Generally, the final rule requires registrants under U.S. securities laws to provide “certain information about climate-related risks that have materially impacted, or are reasonably likely to have a material impact on, the registrant’s business strategy, results of operations, or financial condition; the governance and management of such risks; and the financial statement effects of severe weather events and other natural conditions in their registration statements and annual reports.”

The SEC said that the rule is needed to promote consistency and reliability in reporting on these matters, noting that many companies disclose climate information in a wide range of voluntary reporting regimes but that such reporting does not currently provide investors with the information they are seeking due to its lack of uniformity in practices among disclosing entities.

Nevertheless, the reporting requirements are patterned after the substantive requirements in the Task Force on Climate-related Financial Disclosure and the Greenhouse Gas Protocol.

Accordingly, the rule requires reporting of Scope 1 and 2 emissions and the effects of severe weather or other natural events.

It also requires reporting on actions and processes to manage and mitigate climate risk, oversight of climate issues by the registrant’s board of directors, and climate-related targets.

The preamble to the proposed rule states that the Commission modified its proposed rule in response to comments received.

The final rule’s modifications to the proposal include: exempting small entities from disclosing Scope 1 and 2 emissions, eliminating the requirement to describe board member climate expertise, and eliminating the requirement to report Scope 3 emissions altogether.

The final rule also extends a safe harbor from private liability for certain disclosures, other than historic facts, pertaining to a registrant’s transition plan, scenario analysis, internal carbon pricing, and targets and goals by labeling such disclosures “forward-looking” statements for purposes of the Private Securities Litigation Reform Act.

The final rule also extends the proposal’s phase-in periods for compliance with the rule. The final rule’s compliance dates depend on registrant status as a large accelerated filer, and accelerated filer, or a non-accelerated filer.

The final rule will become effective 60 days following publication of the adopting release in the Federal Register.

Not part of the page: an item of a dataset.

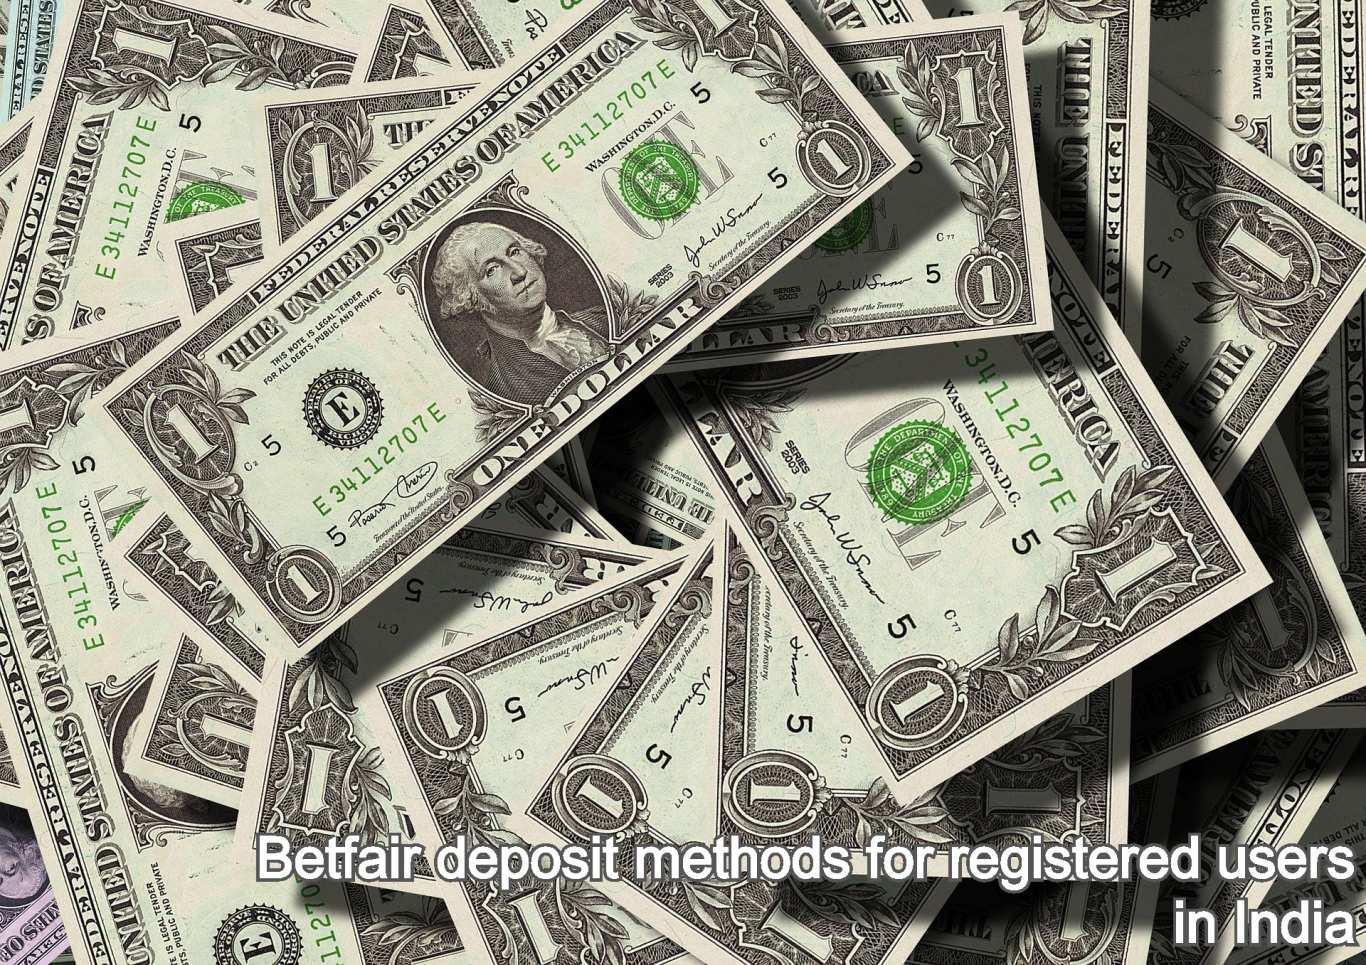 Betfair deposit methods for registered users in India

APPA Said Proposed Rule Would Harm Public Power

In June 2022, the American Public Power Association said the proposed climate-related disclosure rule issued by the SEC would have an adverse effect on its members, even though those members, as not-for-profit providers of electric power, are not publicly traded or directly subject to the proposed rule.

More than three million businesses receive their power from a publicly owned electric utility, APPA noted in its comments.

In some instances, these businesses are publicly traded companies that would be required to comply with the proposed rule if finalized, including the proposed requirement that all publicly traded companies disclose their “Scope 2” emissions (i.e., the amount of greenhouse gas emissions attributed to the company’s purchase of electricity).

As a result, if finalized, the proposed rule “will have a significant adverse effect on public power utilities through increased costs to provide information to public power utility customers for their SEC filings. These increased costs will not be borne by shareholders or investors, but by the citizens of the communities that own the public power utilities,” APPA said.